Some other highlights included the gorgeous, white sand beaches, the aqua bays, exploring the harbour, seeing the penguins, and the expansive vineyards stretching over the hills. Another great part was getting to know our relatives, Eelke and Jellie and their kids. They were wonderful hosts and we really enjoyed getting to know them.
But among all this joy, there was always the hulking presence of Cape Town's dark side. Though we've seen a lot of poverty in the last couple of months, this seemed to hit quite hard. My impression of Cape Town always was that it was a richer place. It probably is, for many people. I guess the hardest part about Cape Town's townships was knowing that the adorable kids of Eelke and Jellie were all adopted out of these areas. It was that personal connection that made it hit a bit harder than all the other heartbreaking things we saw. It doesn't take too many stories to believe that Satan is lord over the townships. Some areas register up to 12 murders a night, women are raped frequently, meager belongings are stolen on a regular basis. These kids that we played with every day used to play there. Many homes are nothing more than bits of tin leaning against the next bit of tin to make a tiny space barely differentiated from the next bit of tin space. We heard story after story that broke our hearts. We wanted to cry, but what good does that do? How do you fix such a complicated problem wrapped up in apartheid history, different attitudes, cultural differences, job opportunities, conflicting priorities, good vs evil, and so much more that I can't possibly fathom after such a short time. We have so much respect for Eelke and Jellie for what they do - they show us that though you can't fix the big picture, you can do what you can on an individual level. They have adopted 7 children, all with various baggage from their past experiences, and they also run a safehouse where children can be brought for a short time to get them out of a bad situation until something better can be arranged. Maybe some only see it as a drop in the proverbial bucket, but for the children in their care, whether temporary or permanent, it can change their whole world.

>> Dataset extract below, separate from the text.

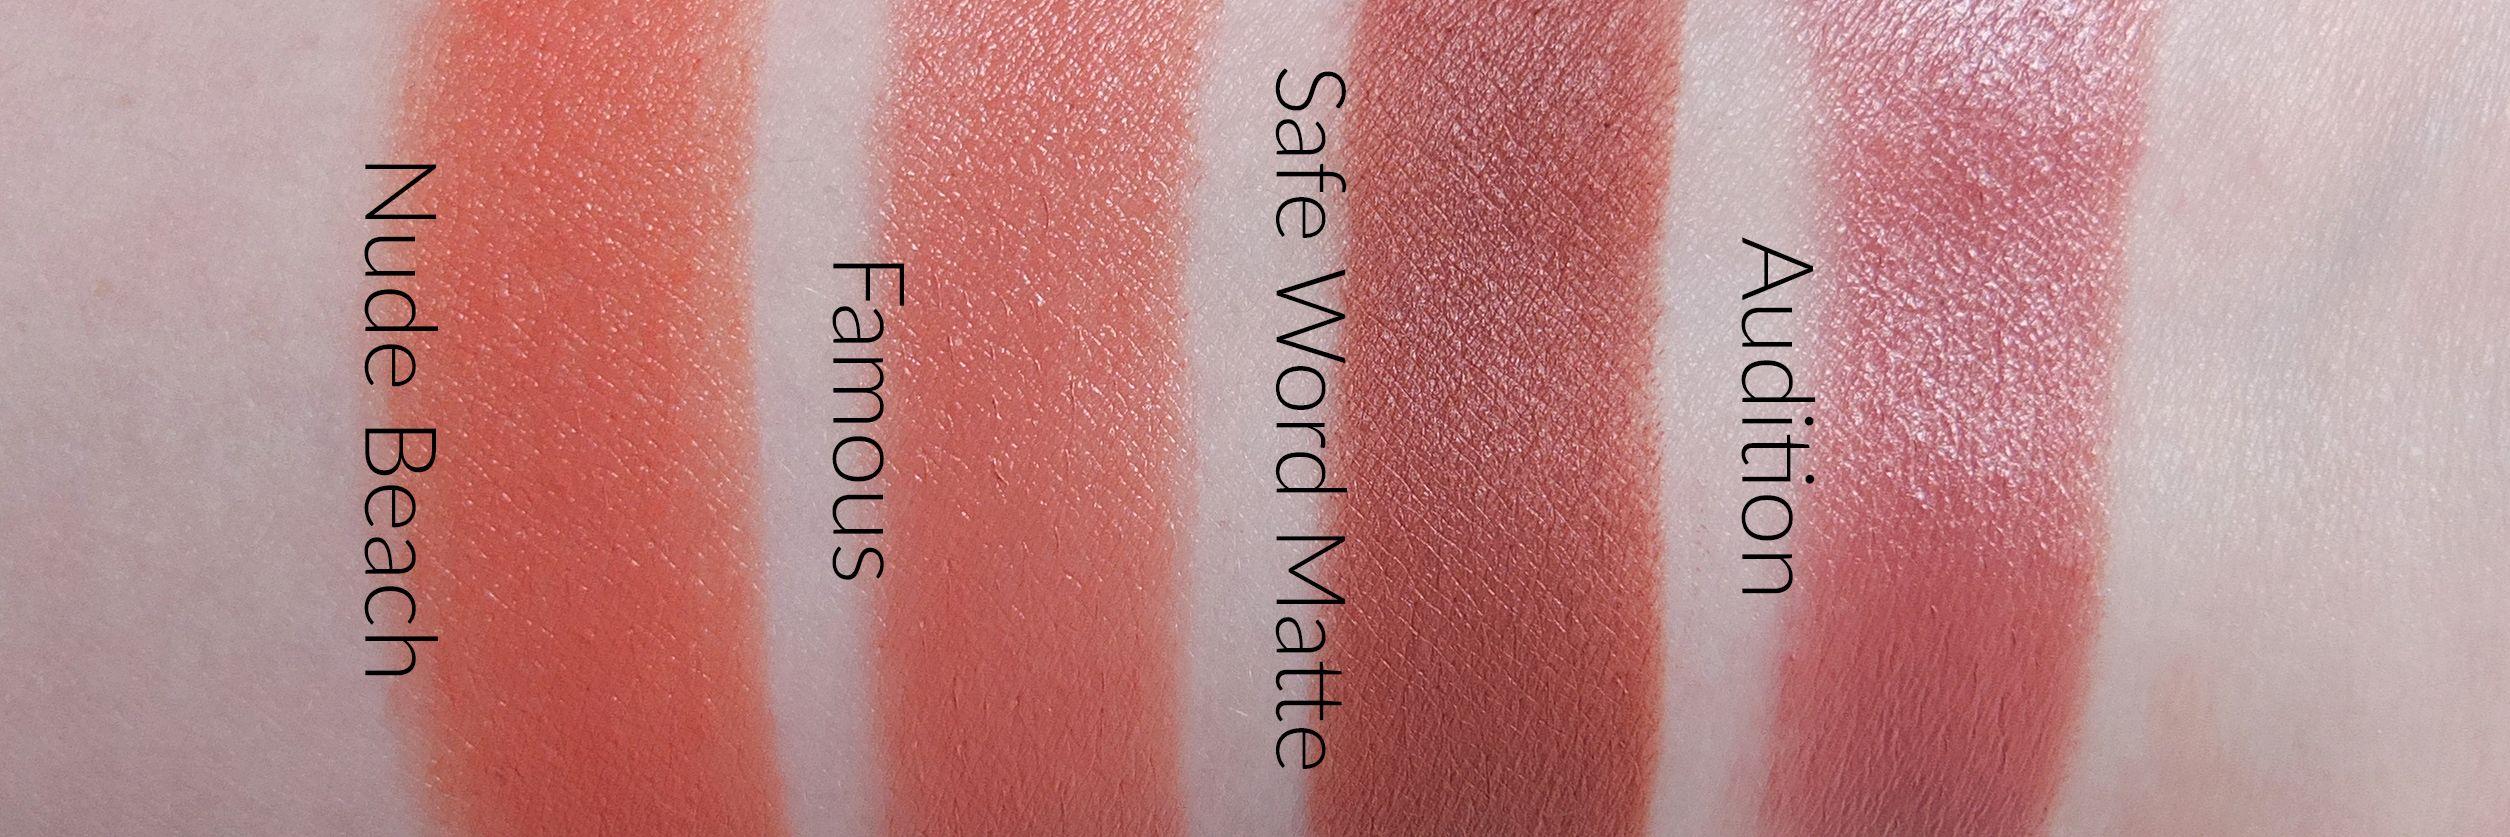 Be Legendary Matte Lipstick Palette by Smashbox #9

So, I guess this is the 3rd reason why we haven't written much lately. What do you say in the face of such poverty and heartbreak? This is so much more than needing some food and to find a sustainable way of life. Don't get me wrong, there is much truth and value in the idea of "give a man a fish and he eats for a day, teach him to fish and he eats for a lifetime". I really believe many situations are applicable for this. But where does this fit in the midst of a vast township that crowds 500,000 people in a disturbingly small area of the city? When that is only one of many more? I hope you aren't reading along expecting the answers. I have none. I merely reflect on our experiences and desire to show people the other side. The ugly side of the beauty. The complicated side of poverty. The broken side of love.
There is no way to describe what we saw and experienced. We don't have many pictures of this side. I know in some places you can do a "township tour". I find the idea nauseating. How awful, to load up a bus full of rich tourists, drive them through the poor areas so they can gawk and take pictures of the poor people. Does it make people feel good about themselves? Or is it from a desire to educate people about what the rest of the world is like? Maybe, but then I'd still like to see a tangible way the tours actually help someone.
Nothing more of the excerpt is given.